If one thing is certain about life, it’s that each of us will only ever see it through our own eyes. Go to the ends of the earth, climb the highest mountain, take a rocket into orbit. It will still be you, your eyes, your ears, your hands and other senses, at the centre of every moment of your life.
Stories are great because they let us, for a little fragment of time, get some idea of what it is to be somebody else. A great novel, a powerful play or movie, a storyteller by a camp fire, can all transport us into another human experience. That’s why “storyteller” in any form is one of the highest callings. And also the hardest.
“It’s not just others stories help us become aware of. They’re the best route we have to our own self awareness.”
How do we take one human being and help them see through the eyes of another? Helping you to find answers to that question is the aim of the Rhetoric of Story. Stories aren’t just make believe, they mirror the fundamental way your mind makes sense of the world. It’s not an exaggeration to say that stories are the operating system of human consciousness. And if you know how that operating system works, you can use that knowledge to tell powerful, compelling stories.
We all tell a story about our world, and we put ourselves at the heart of that story. So to captivate an audience, every great story has a self at its core. The hero. The protagonist. The central character. The self is given many names. These are the eyes we see the story through, the ears we hear the tale with, the hands that hold the world. The self isn’t just IN the story. The self IS the story. And we experience the story through them.

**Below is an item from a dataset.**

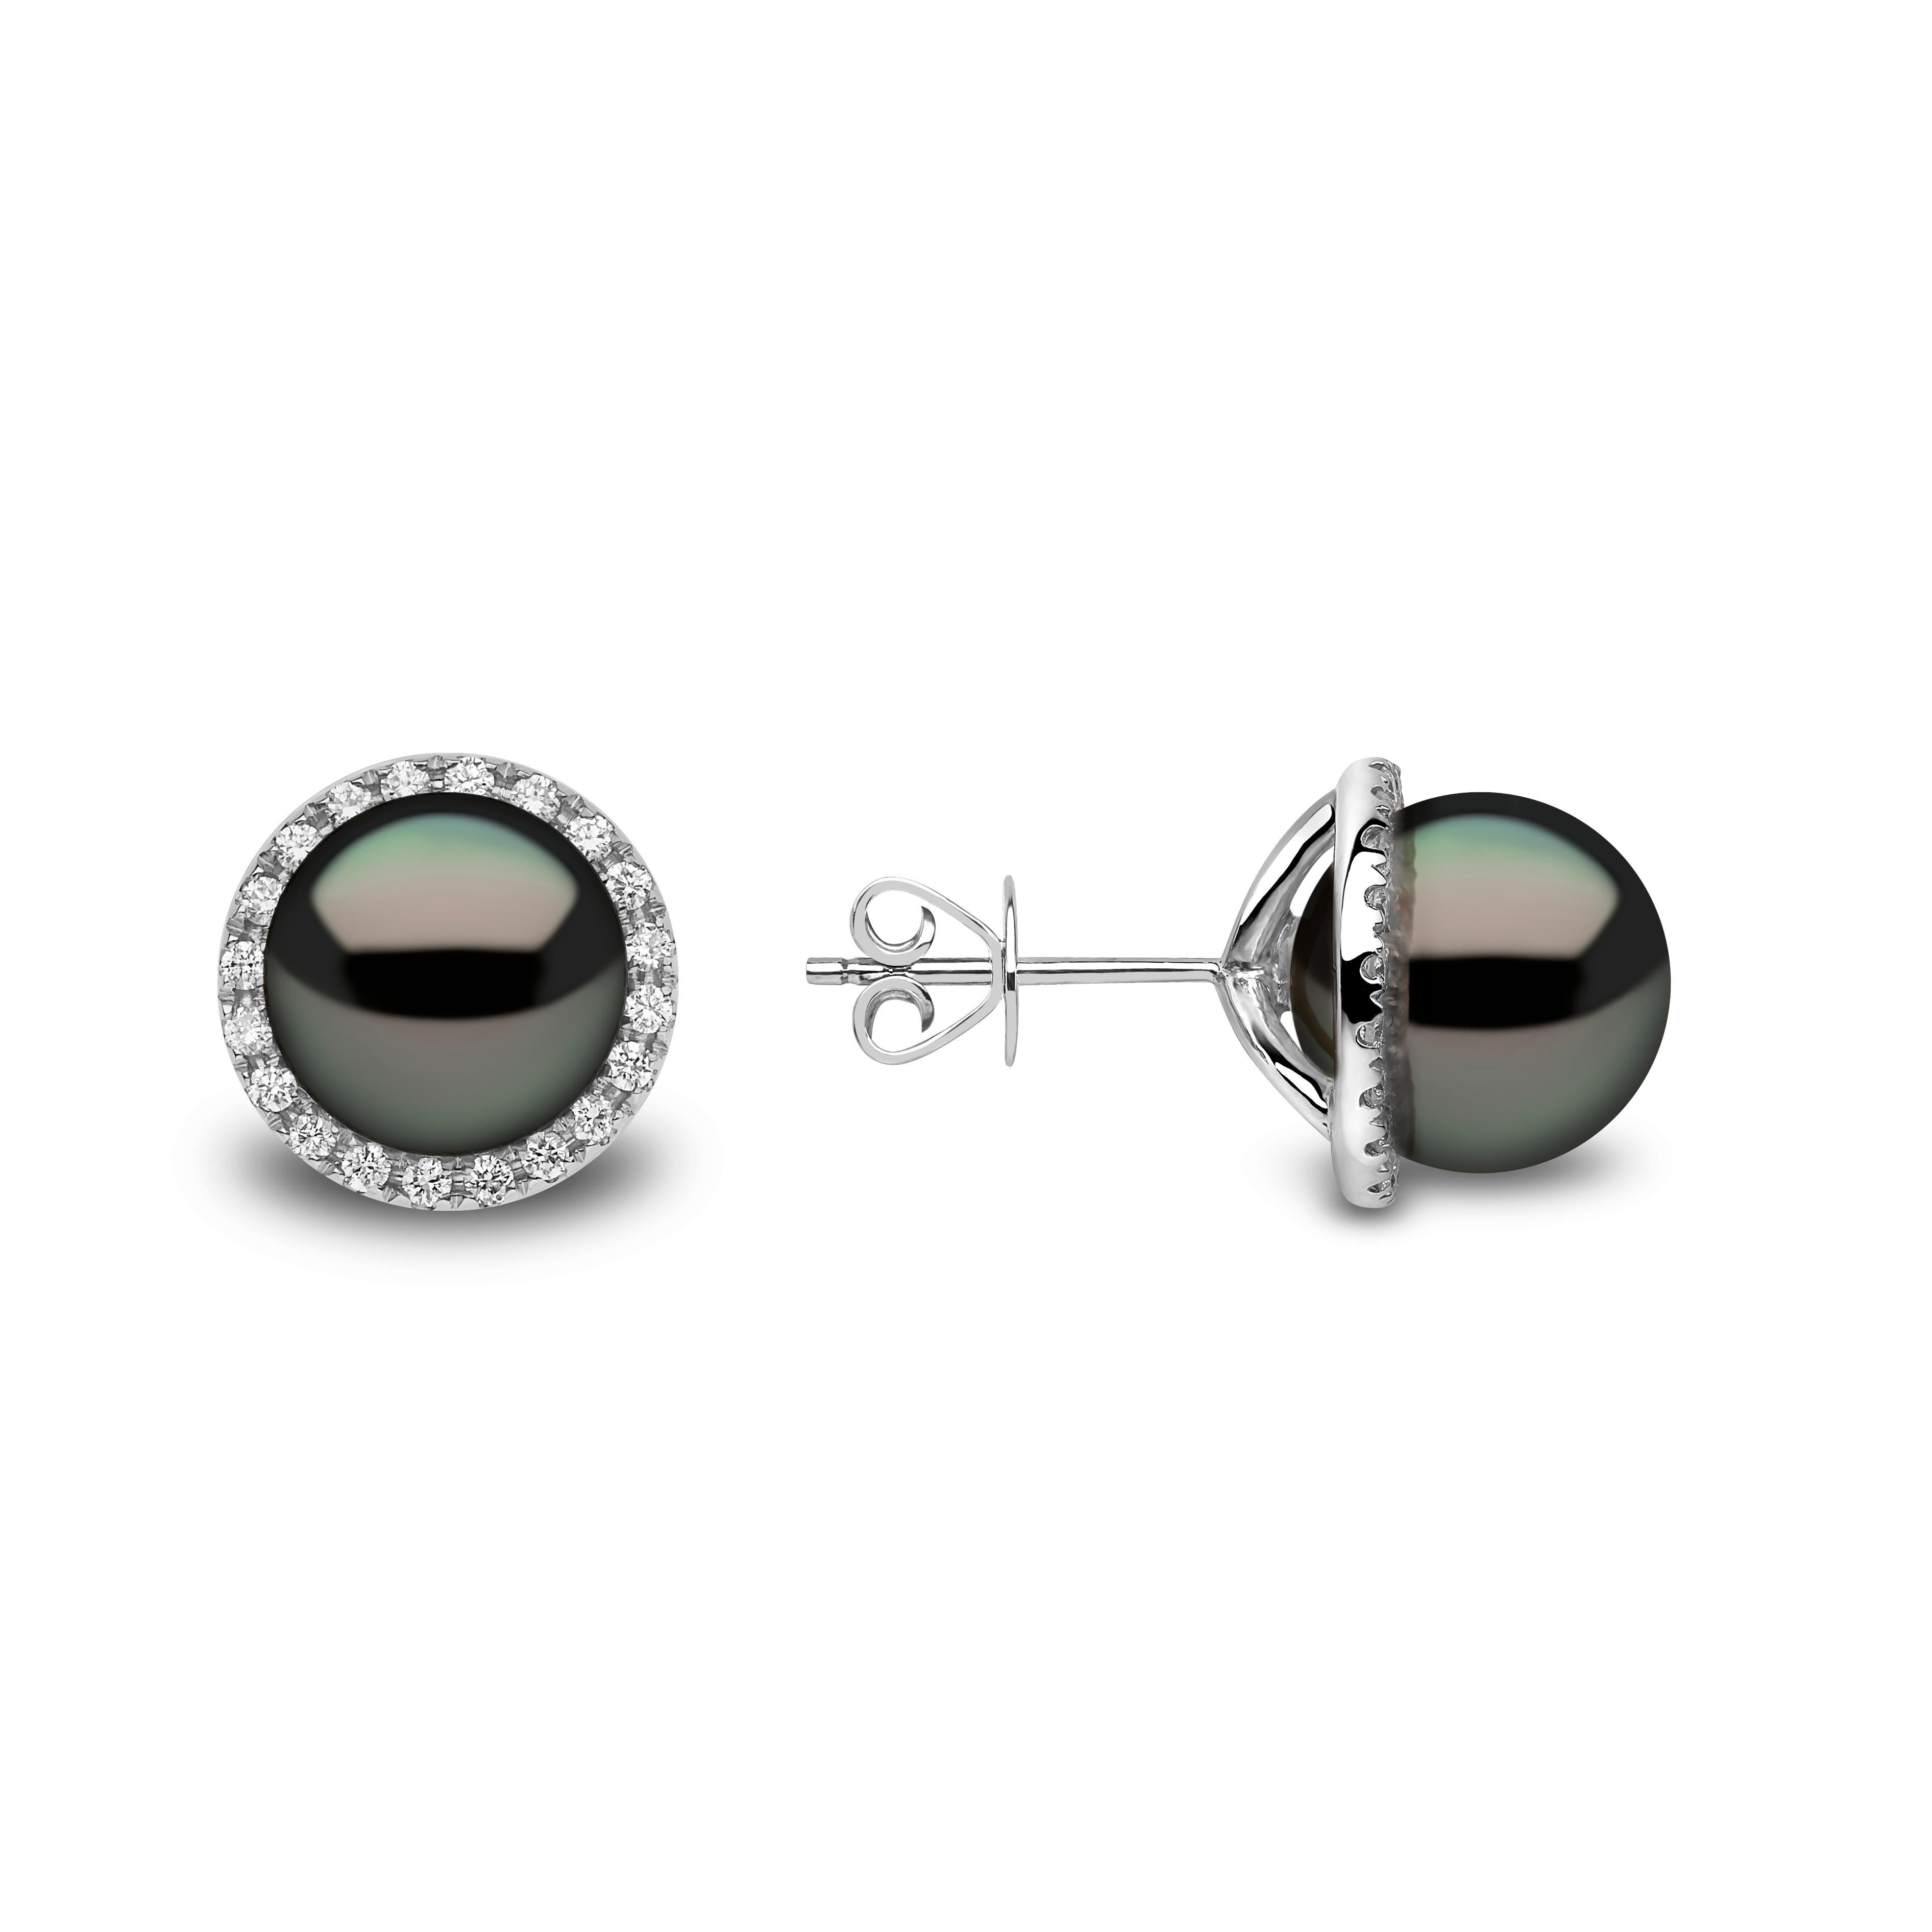 Diese auffälligen Ohrringe von Yoko London sind mit Tahiti-Perlen besetzt, die einem ansonsten klassischen Design eine moderne Note verleihen. Diese eleganten Ohrringe wurden in unserem Londoner Atelier makellos gefertigt und lassen sich sowohl mit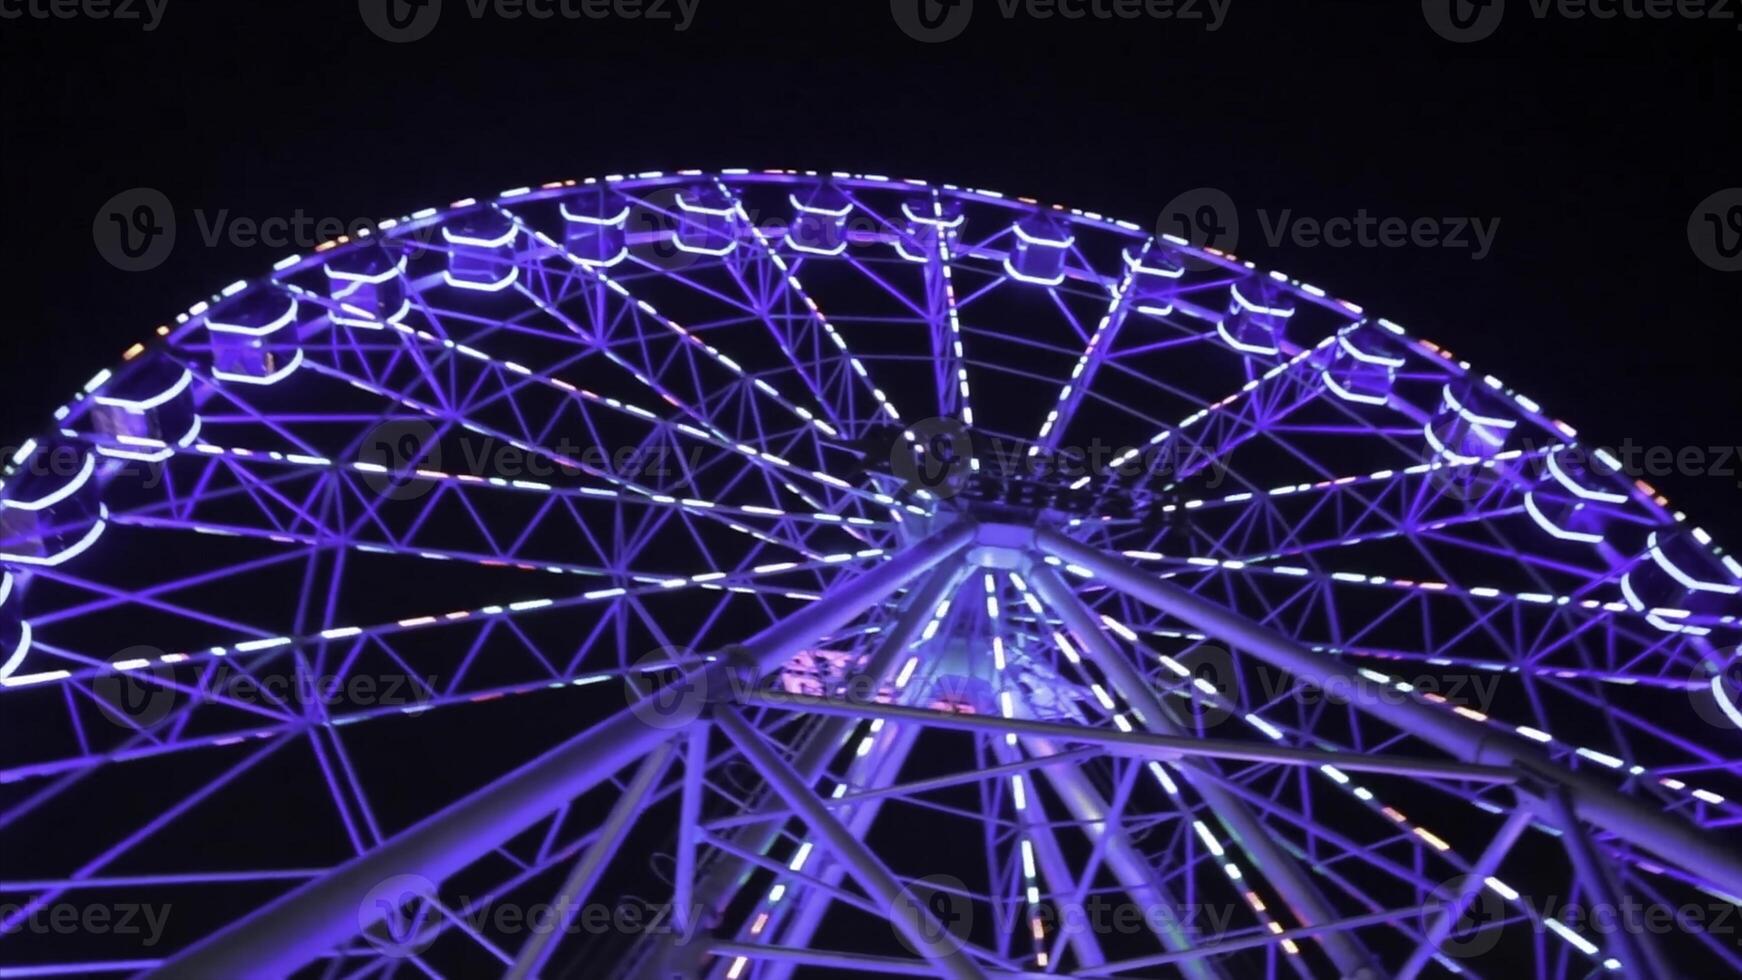 Ferris Rad im Blau Neon- Licht auf dunkel Hintergrund, Teil von Ferris Rad mit Blau Erleuchtung gegen ein schwarz Himmel Hintergrund beim Nacht. Ferris Rad durch Nacht. Ferris Rad mit mehrfarbig foto

With a strong self at the heart of our stories, we can take audiences on adventurous flights of fantasy like Star Wars, or into the vivid romance of Wuthering Heights. The greatest storytellers show us how stories themselves are selfish, twisted by the limits of our perception, leading to the flawed tragic heroes of Oedipus or Hamlet. It’s not just others stories help us become aware of. They’re the best route we have to our own self awareness.